- _PROBLEM STATEMENT_: Please write out exactly, without any picture, each line from the first in the listing through the line that includes "Spigen Rugged Armor".

[MATERIAL PROVIDED — start]

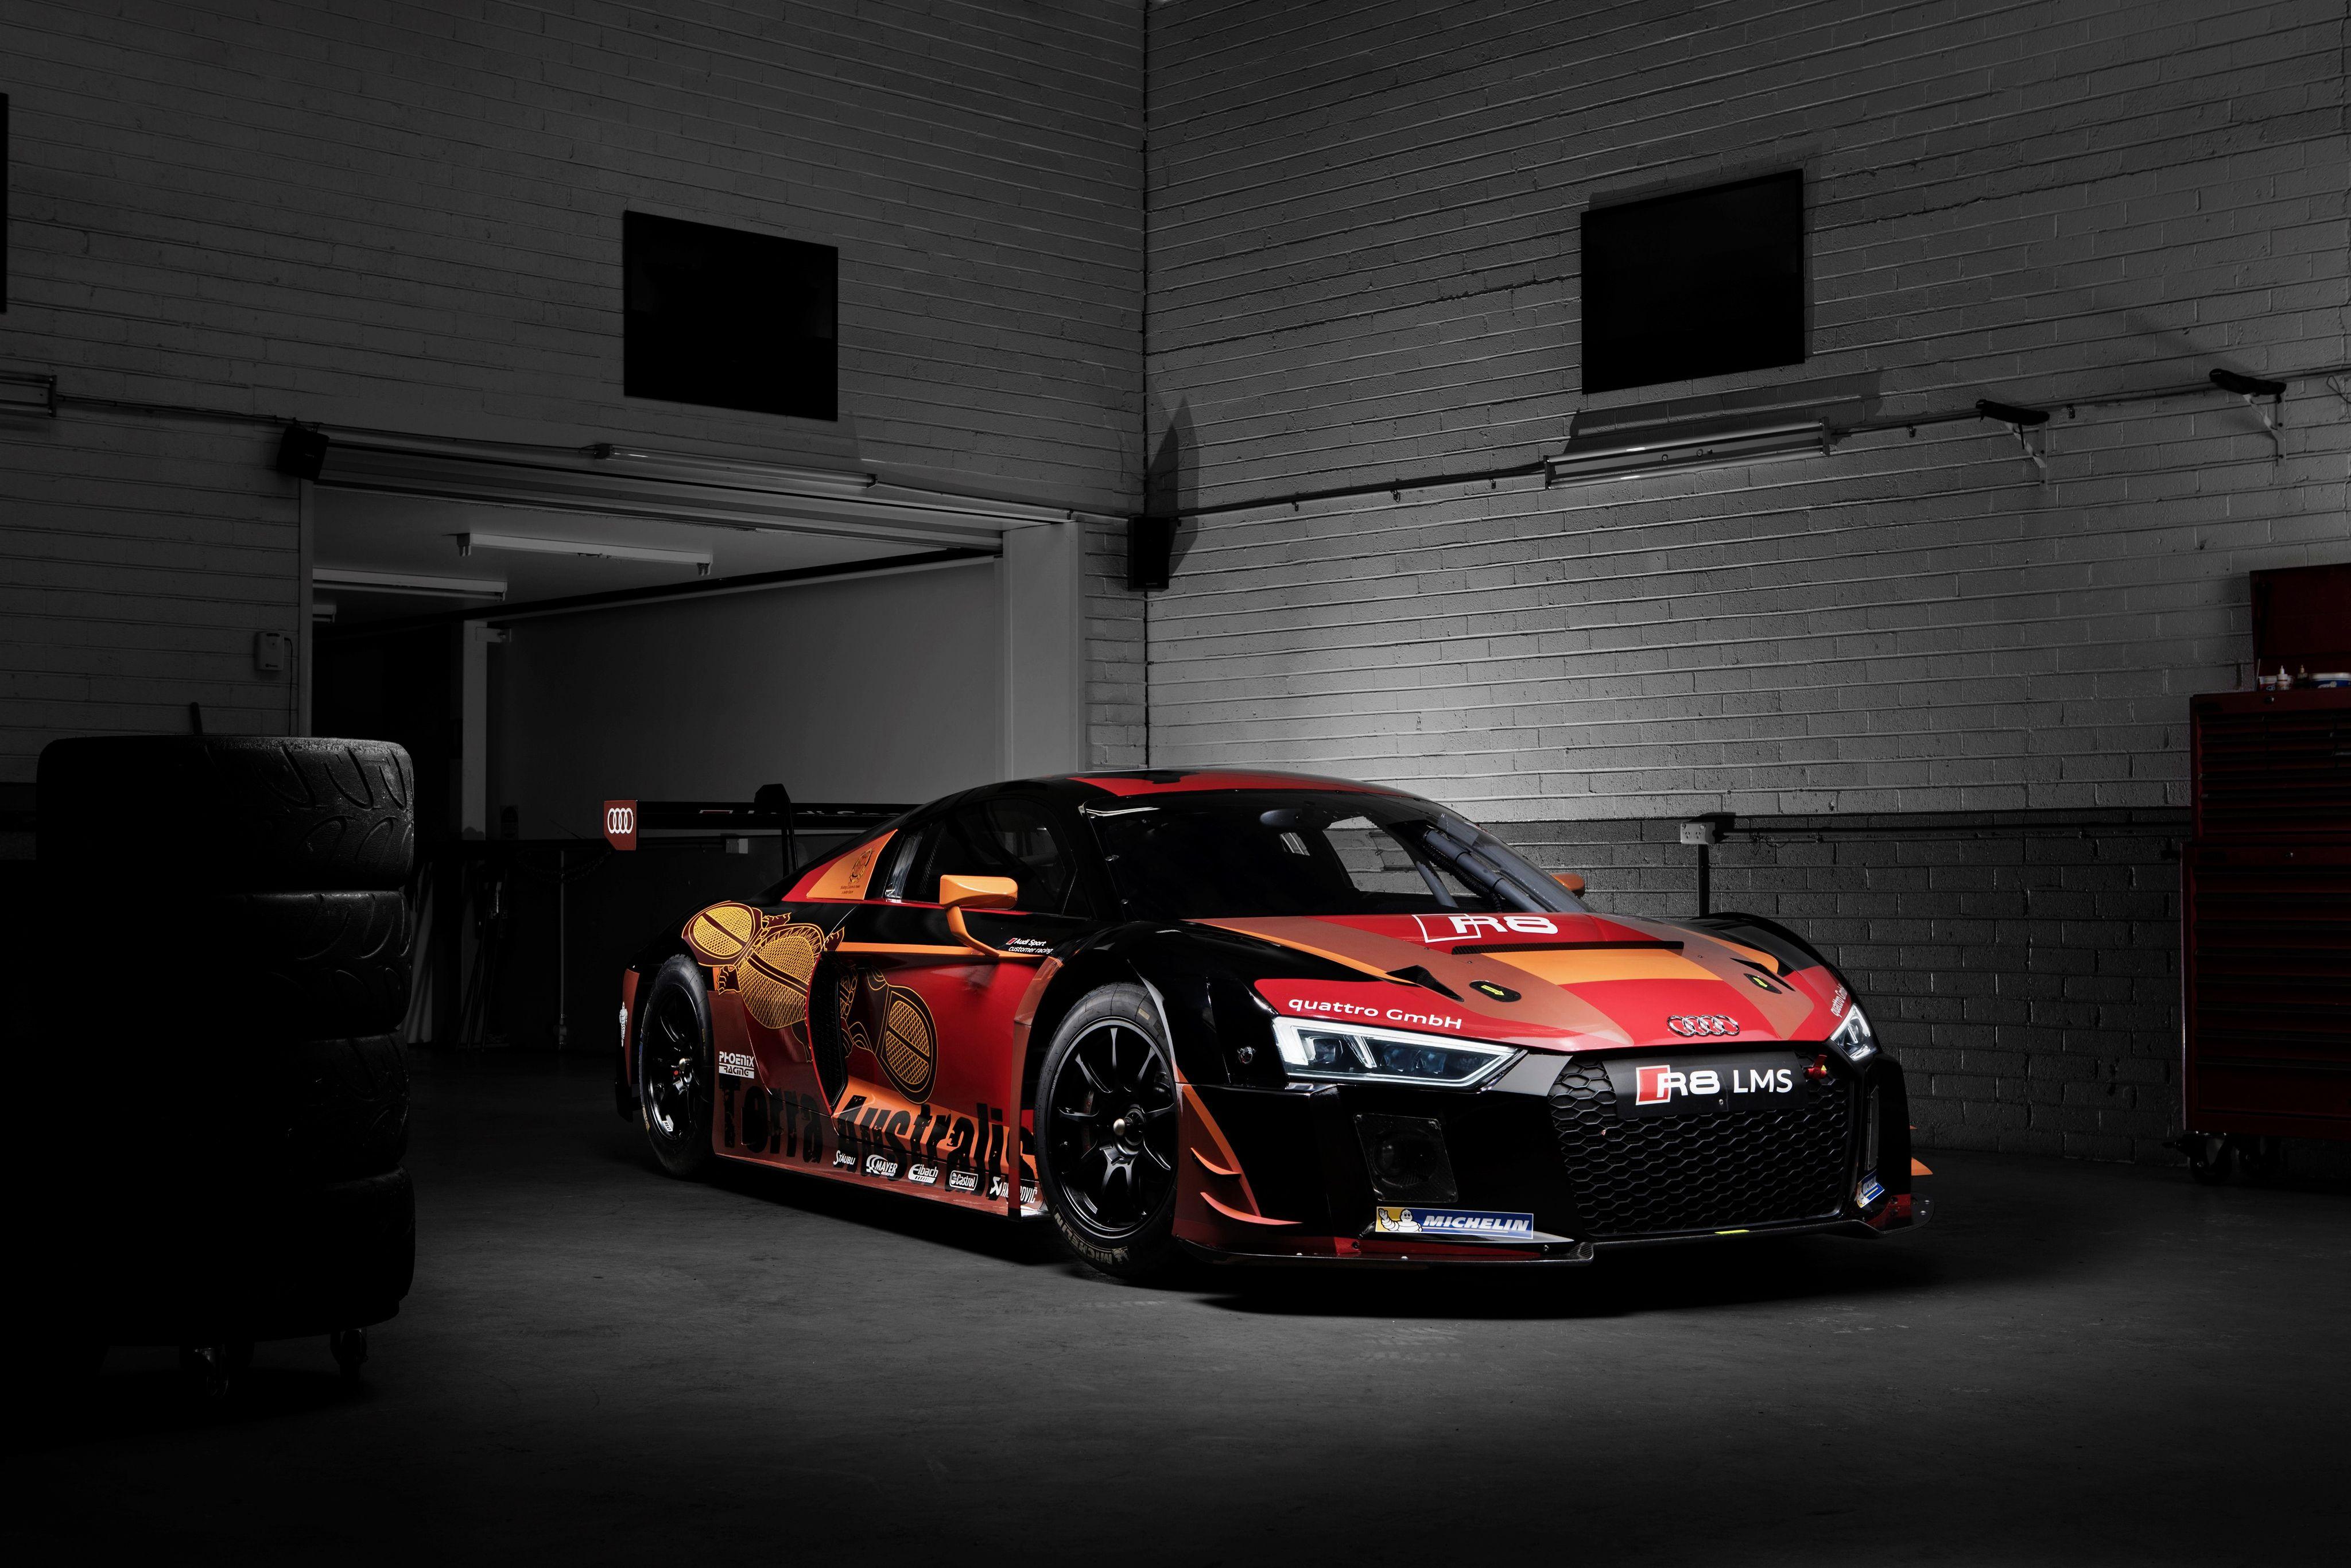 677 Awesome Audi r8 race car prototype wallpaper for Wall poster in bedroom
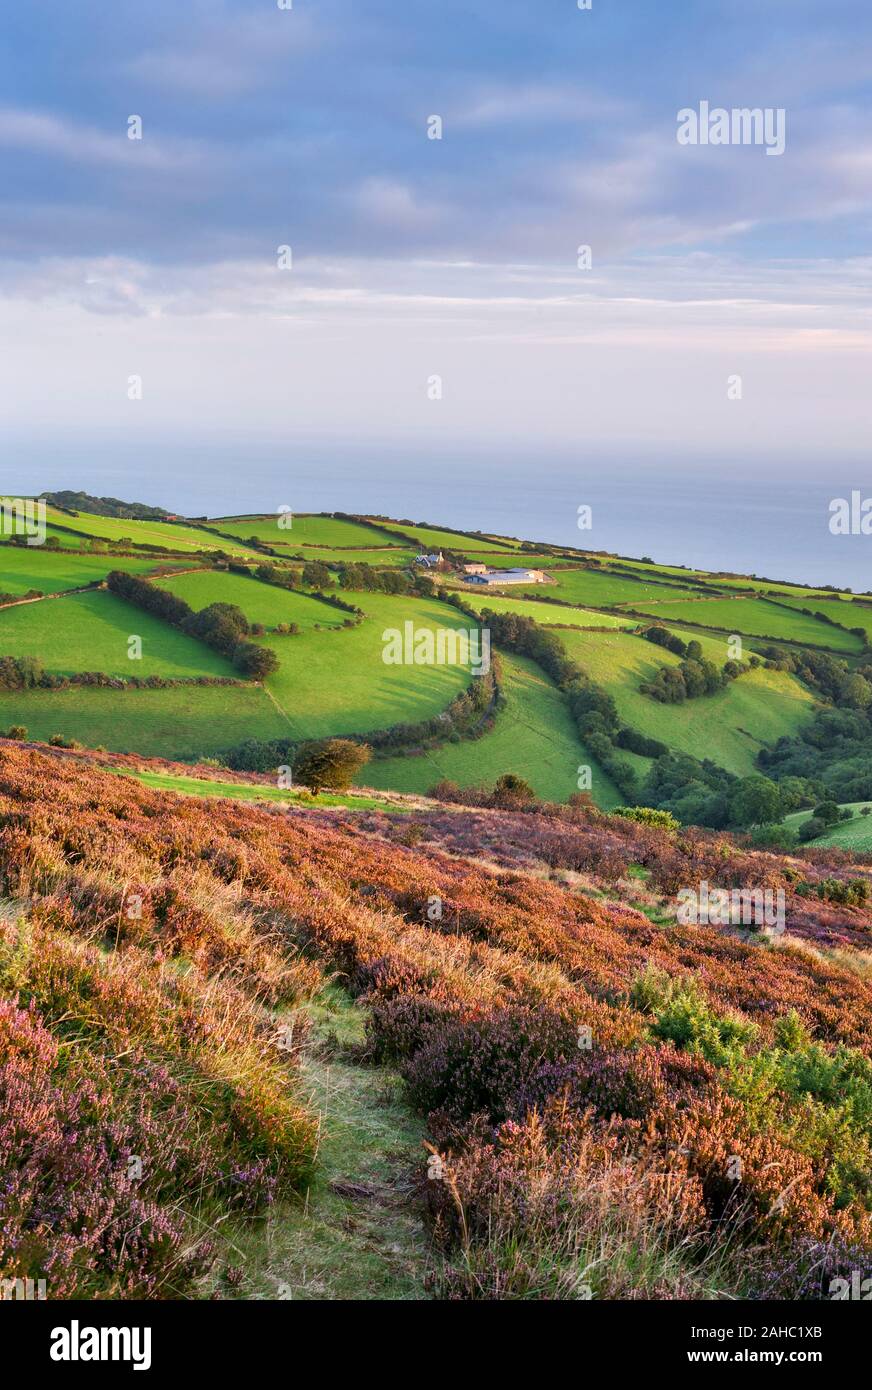 The rolling hills of Exmoor National Park, with rugged, rolling green fields and Purple heathers looking towards the coast and Bristol Channel. Stock Photo
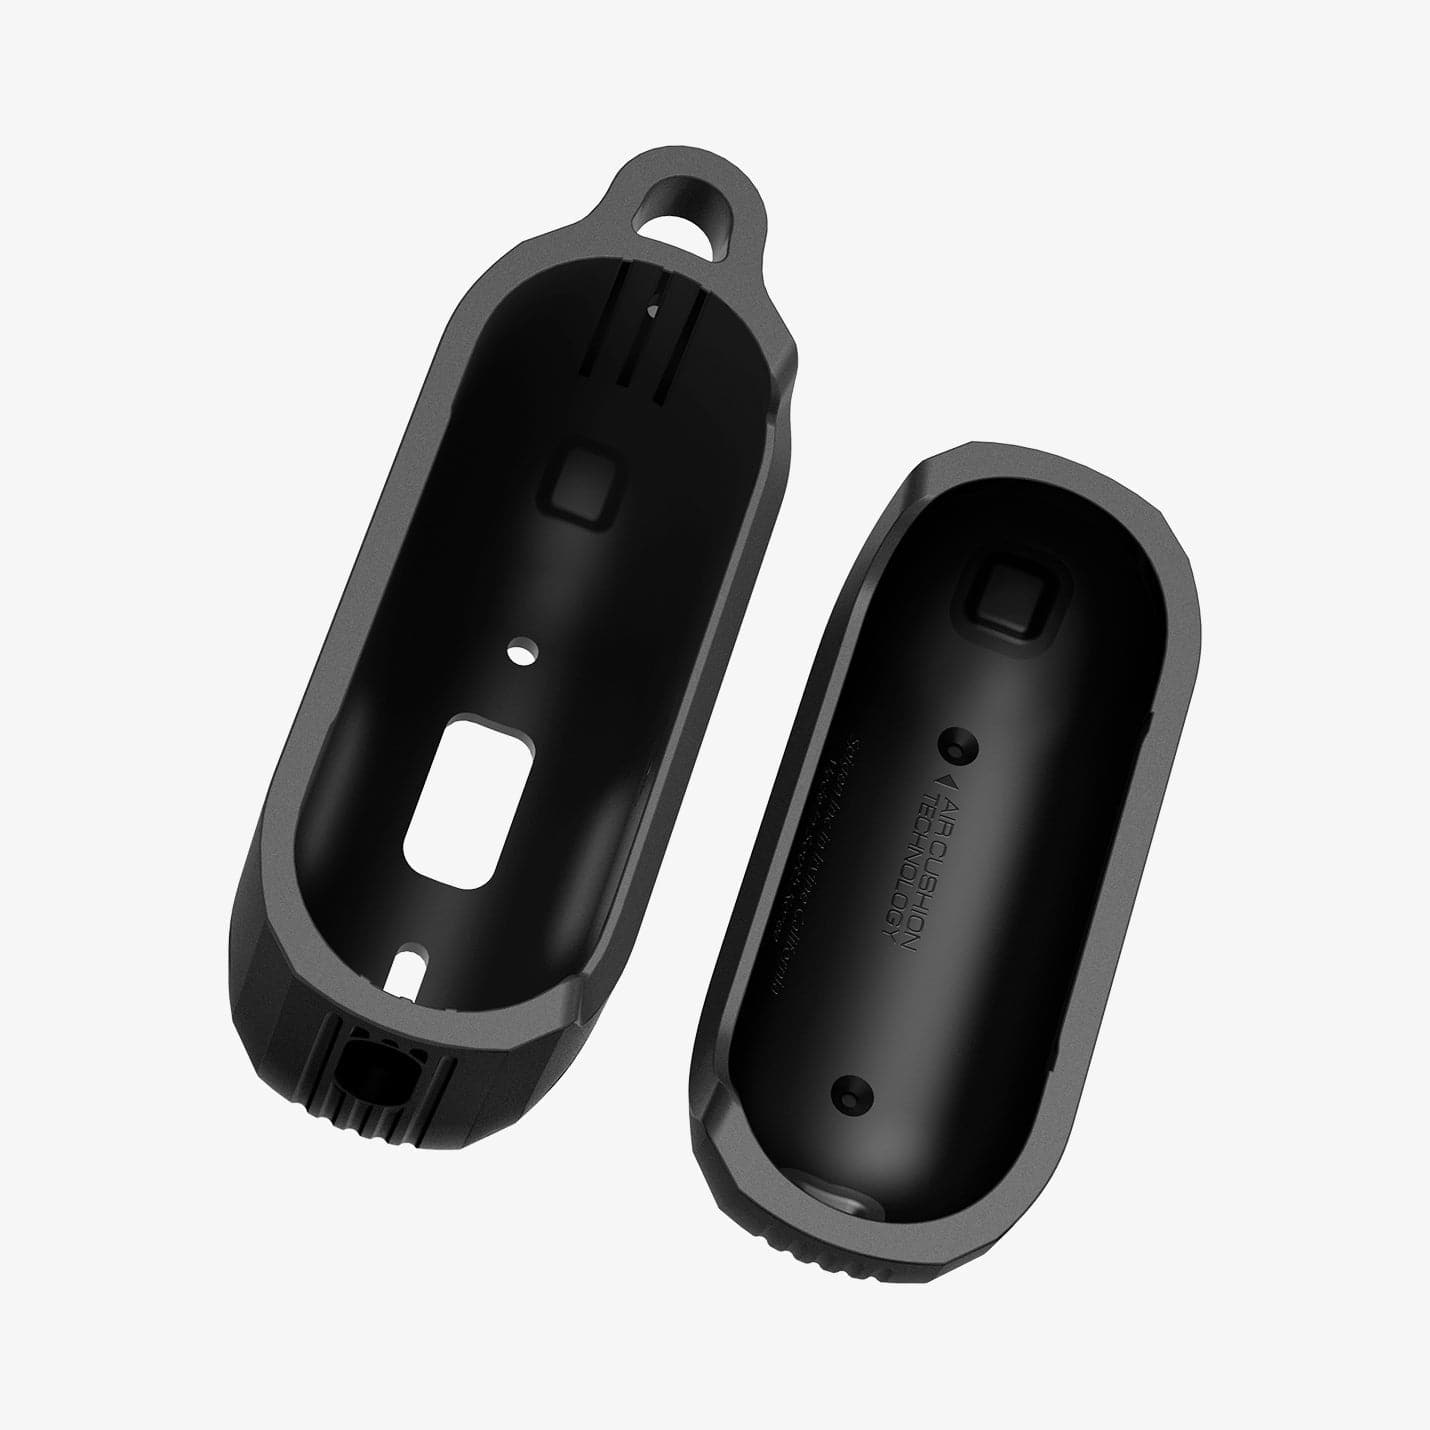 Spigen Rugged Armor Designed for Airpods Pro Case Cover Protective with  Keychain - Matte Black
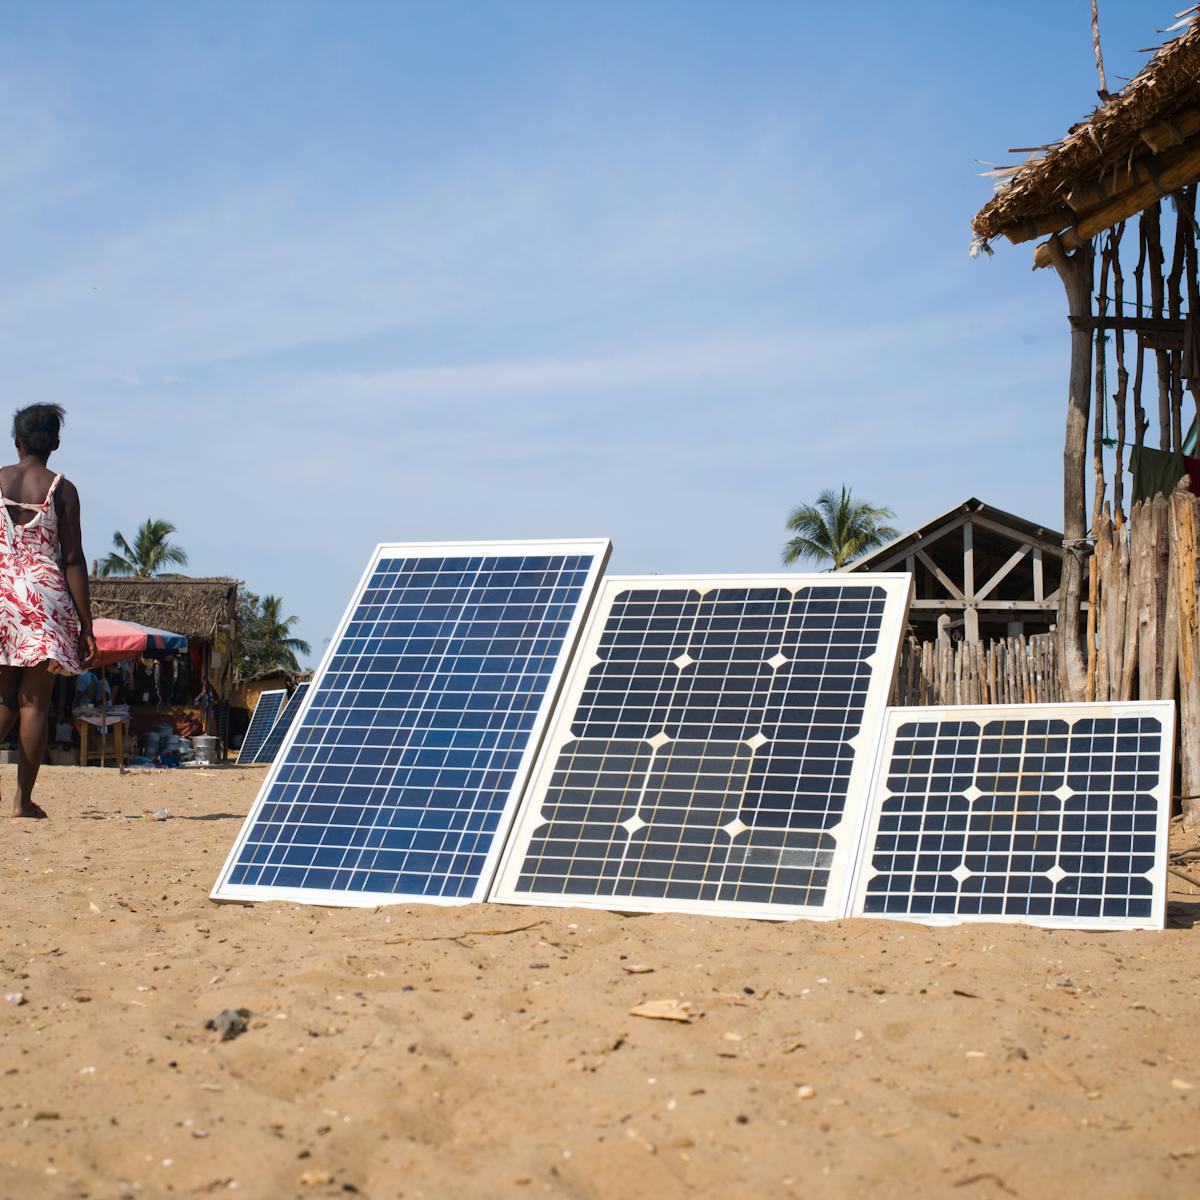 Extranjero Gobernable Novio Expanded access to solar power in Africa can stimulate economic development  – but there are risks

[MATERIAL PROVIDED — finish]

- _RESPONSE TO THE TASK_:
 677 Awesome Audi r8 race car prototype wallpaper for Wall poster in bedroom
 The rolling hills of Exmoor National Park, with rugged, rolling green fields and Purple heathers looking towards the coast and Bristol Channel. Stock Photo
 Spigen Rugged Armor Designed for Airpods Pro Case Cover Protective with  Keychain - Matte Black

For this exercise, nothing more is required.